[Collected data]
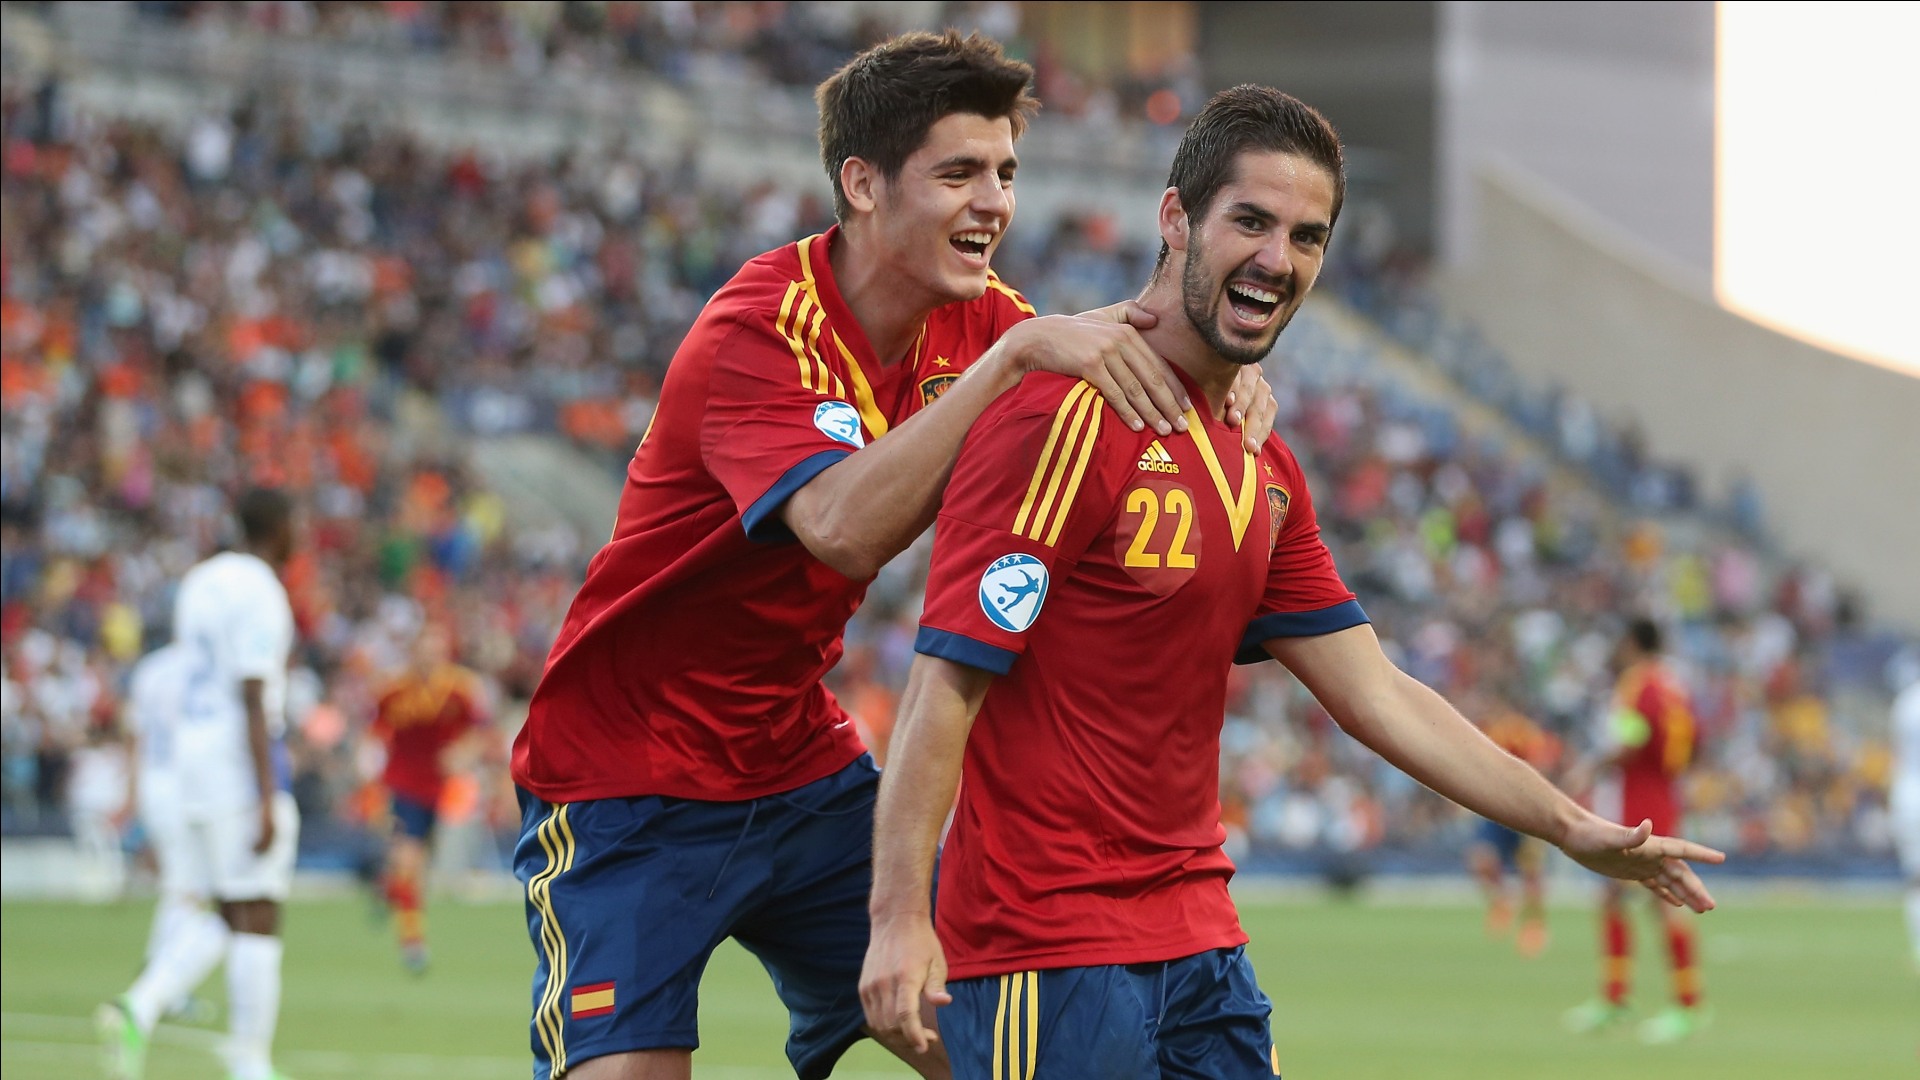 イスコ レアルマドリー スペイン期待の若手選手情報 プレー動画あり 海外サッカー情報チャンネル
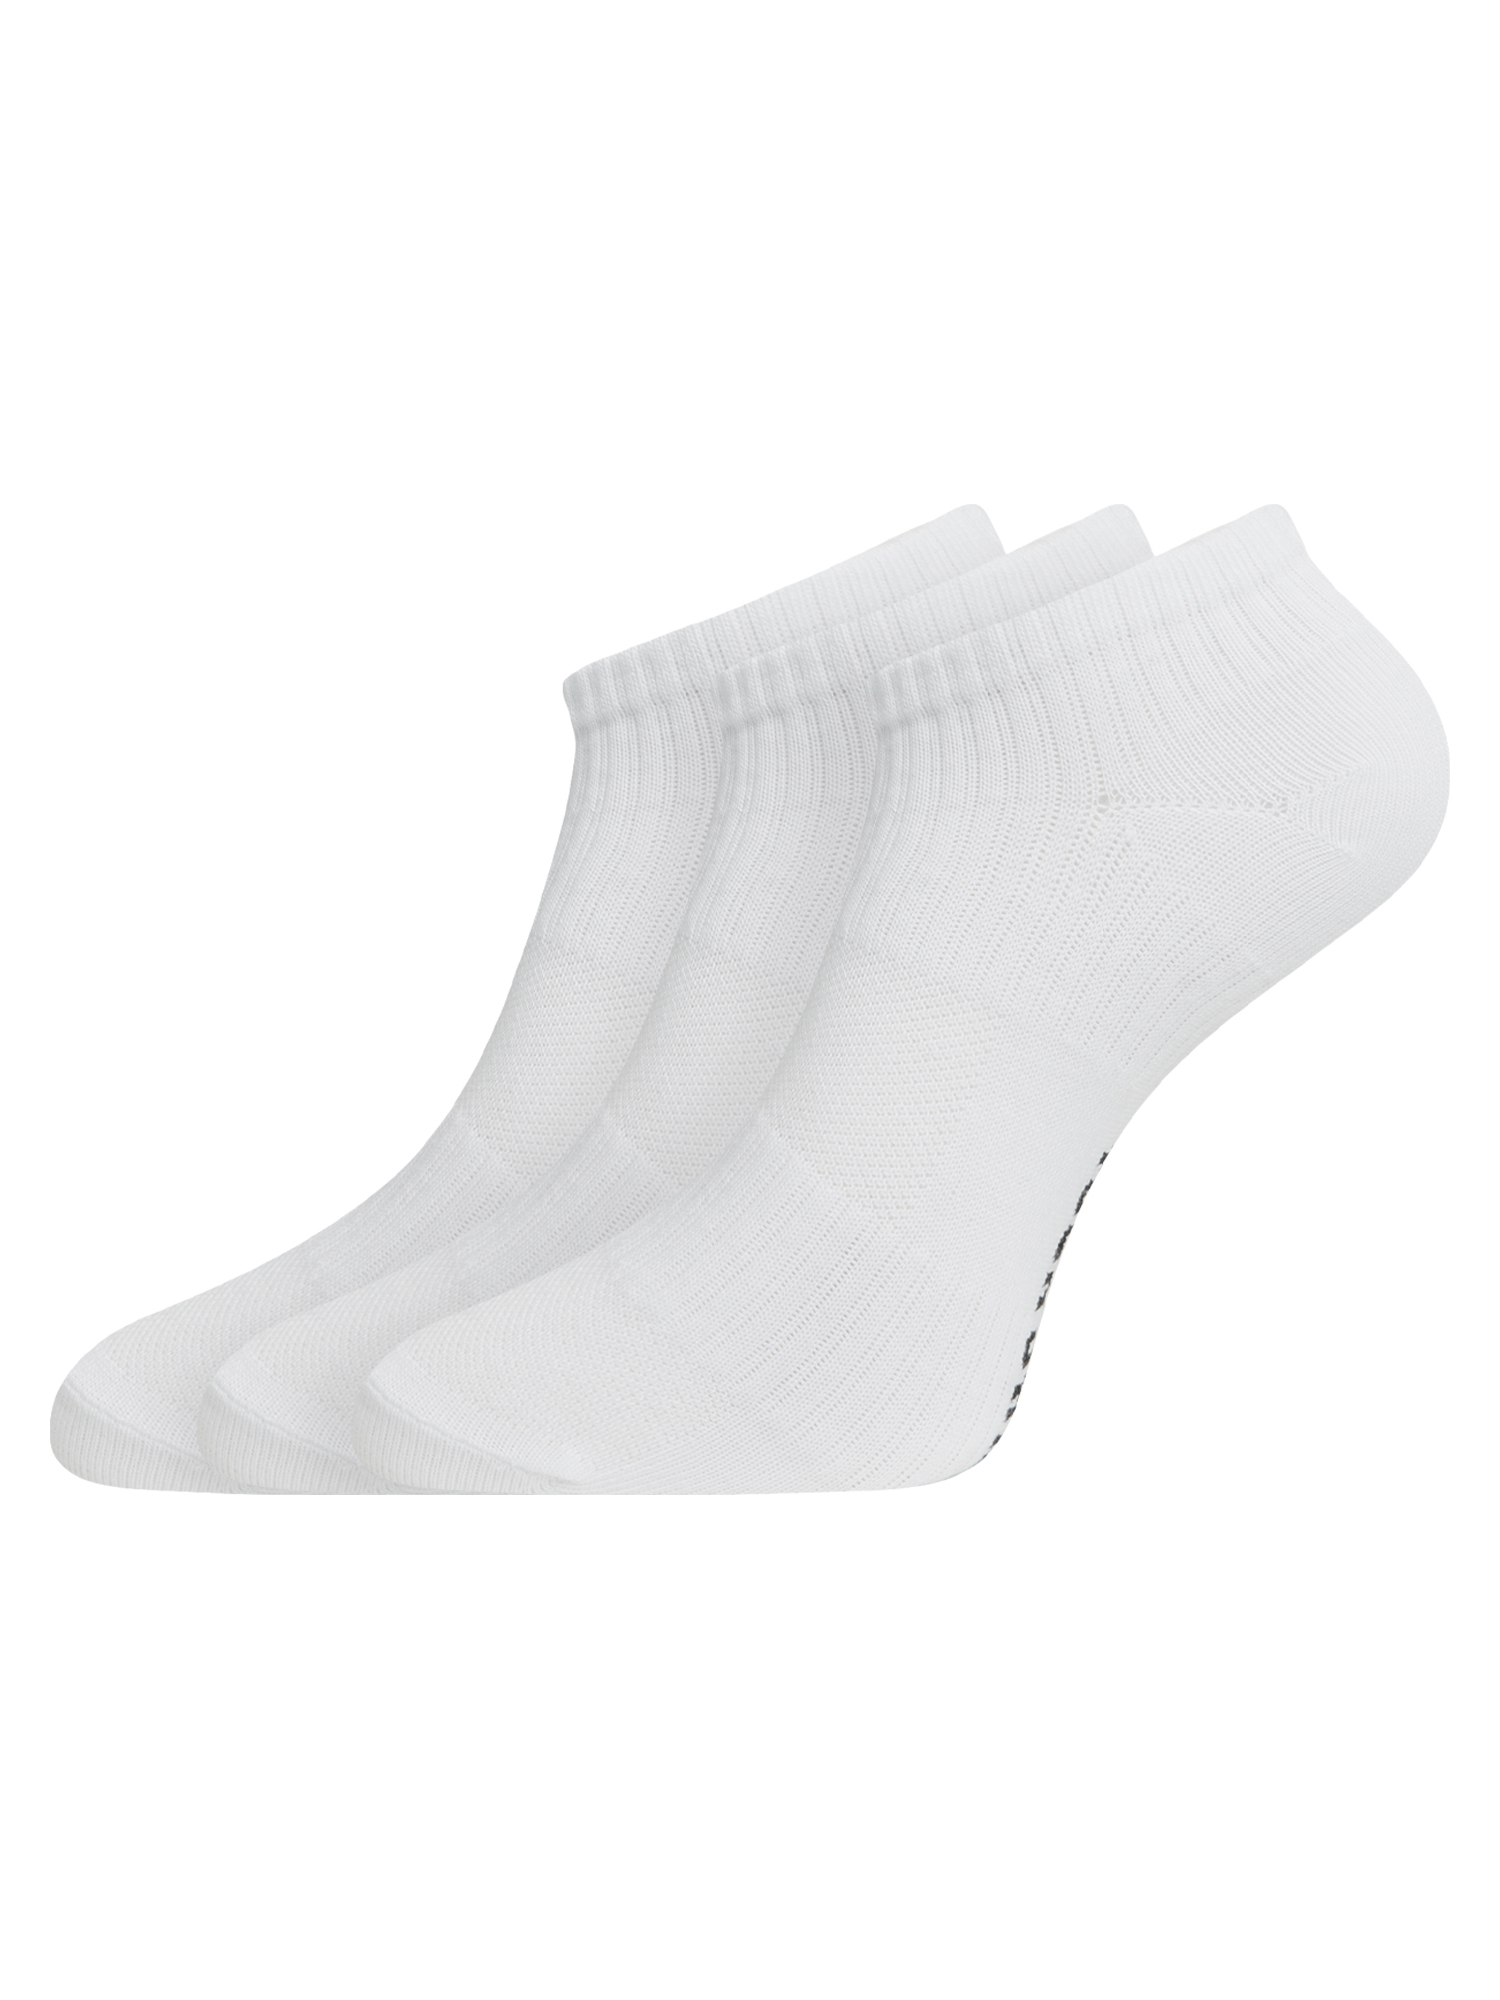 Комплект носков женских oodji 57102610T3 белых 35-37
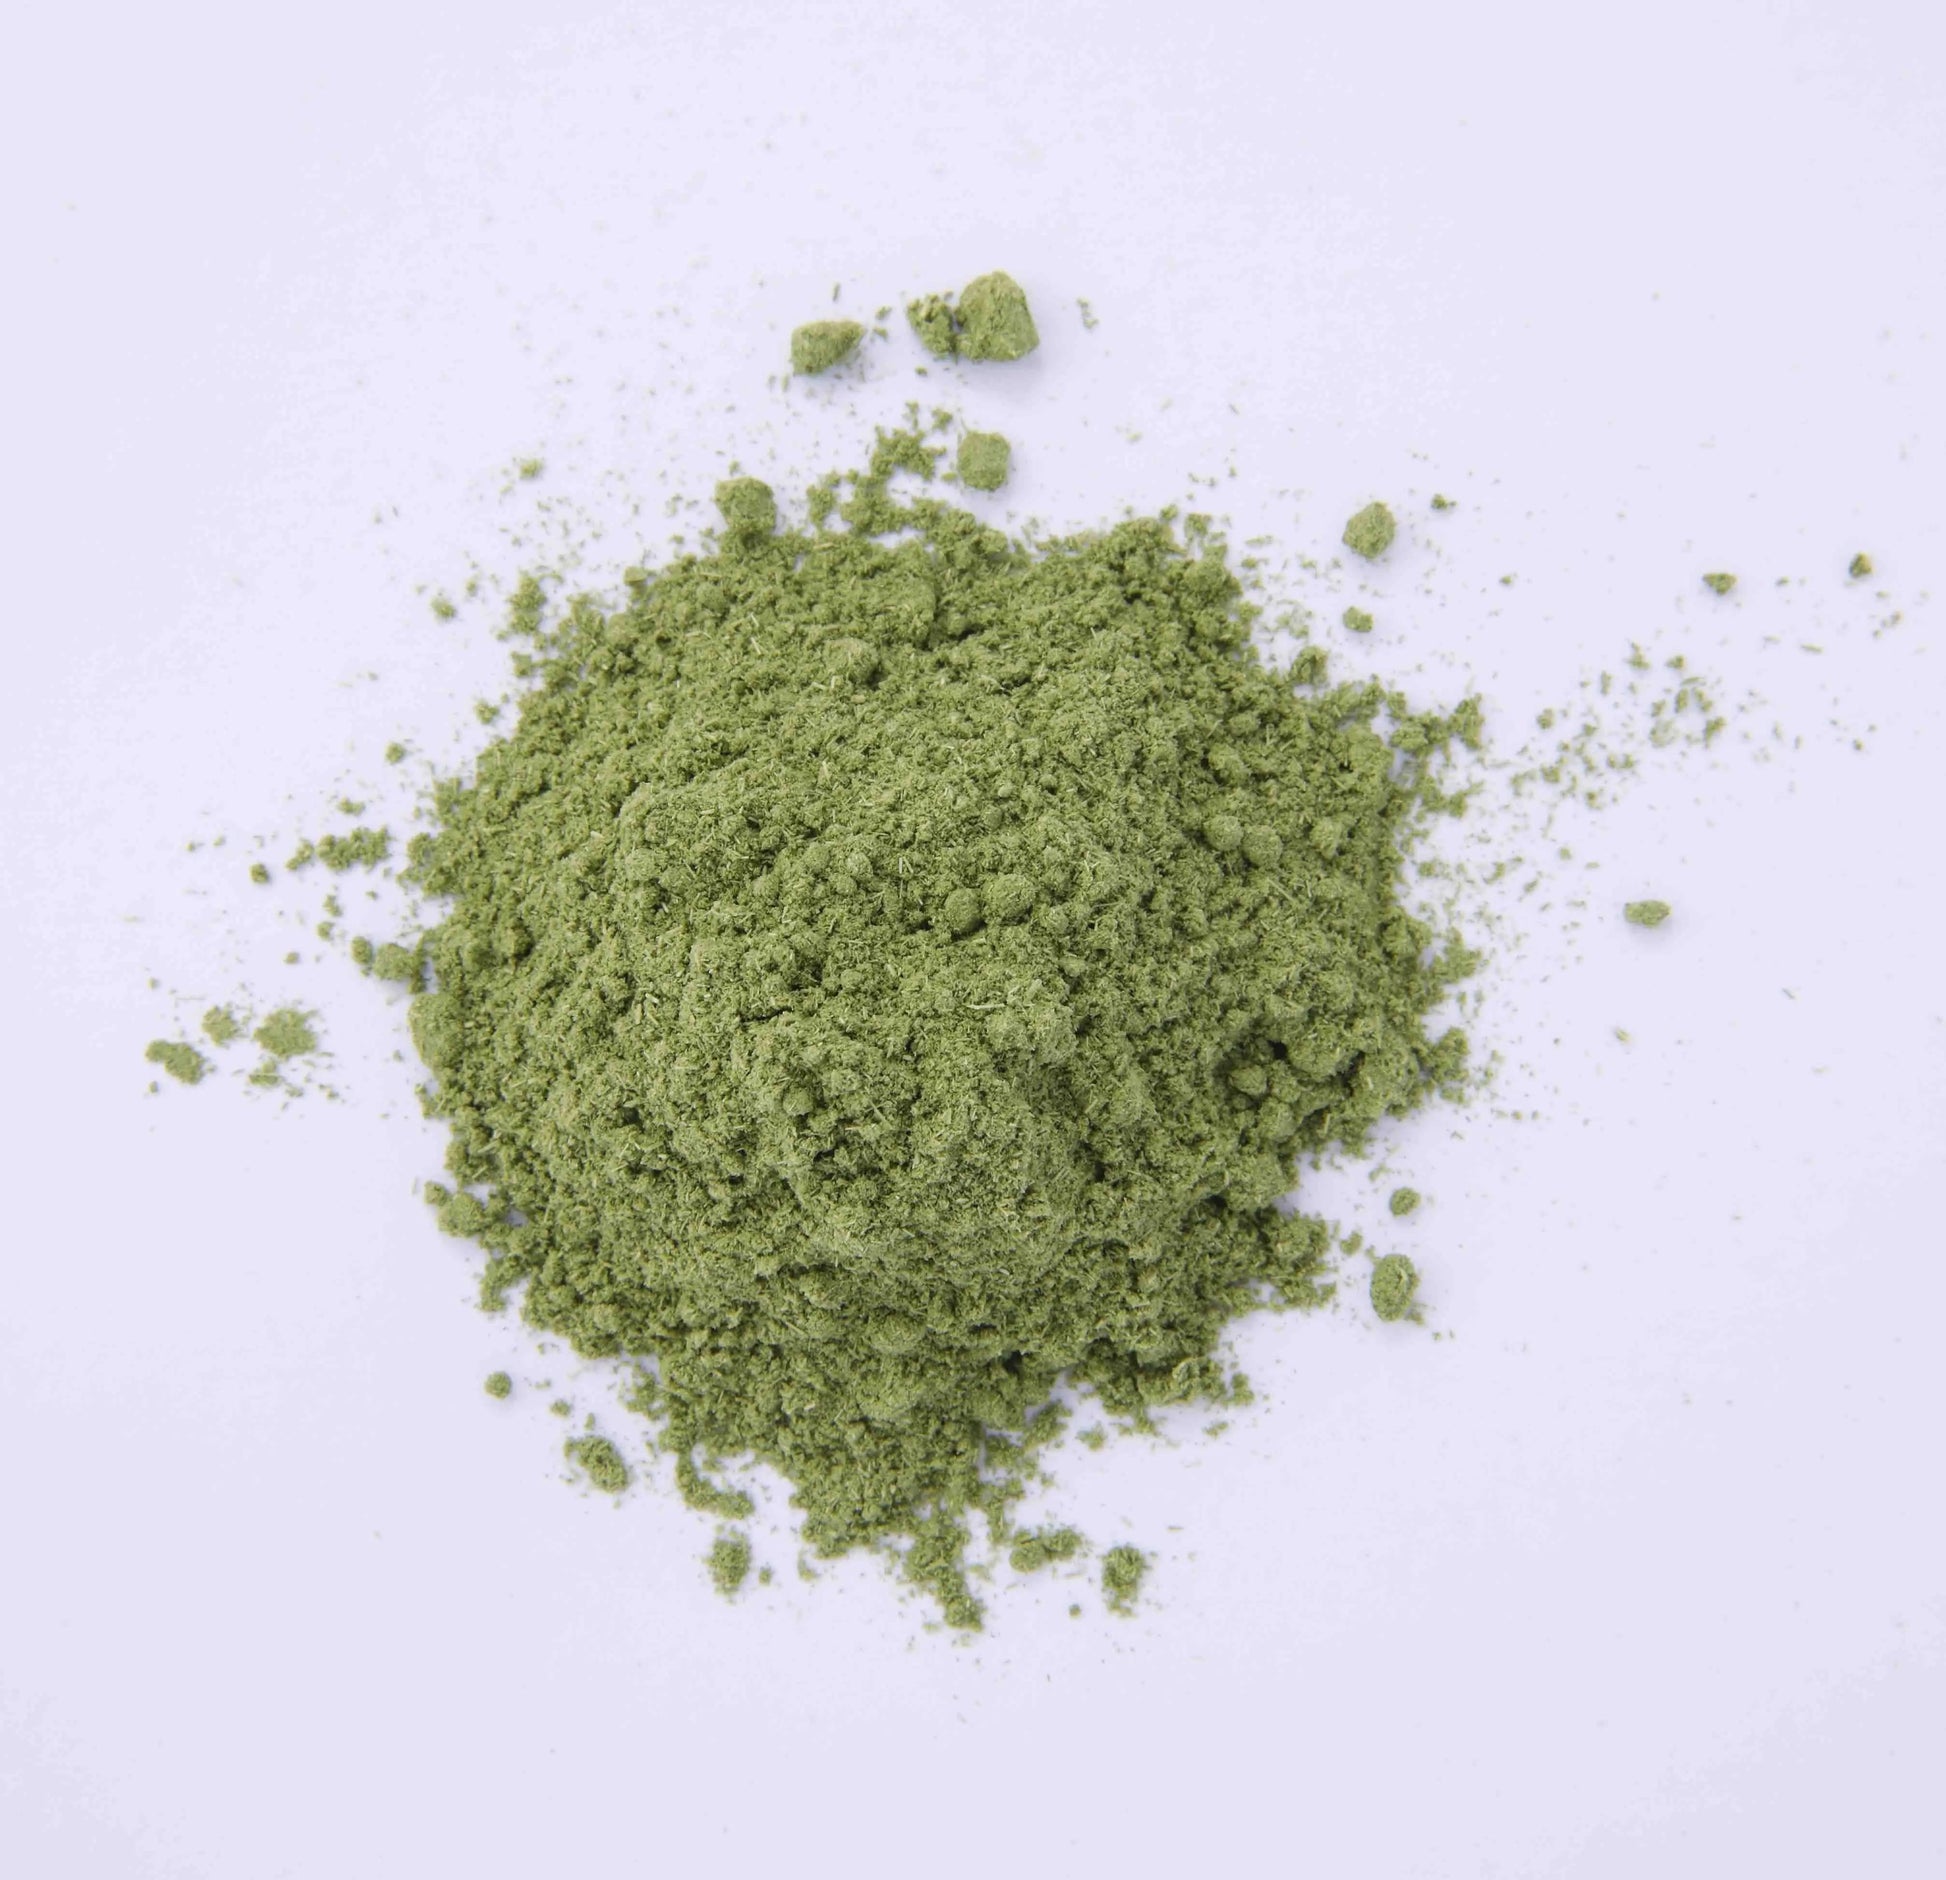 pesticide-free-lemongrass-greentea-powder-kampostation

[Problem description] Retype the listing exactly. Leave the pictures out.

[Task answer]
 イスコ レアルマドリー スペイン期待の若手選手情報 プレー動画あり 海外サッカー情報チャンネル
 Комплект носков женских oodji 57102610T3 белых 35-37
 pesticide-free-lemongrass-greentea-powder-kampostation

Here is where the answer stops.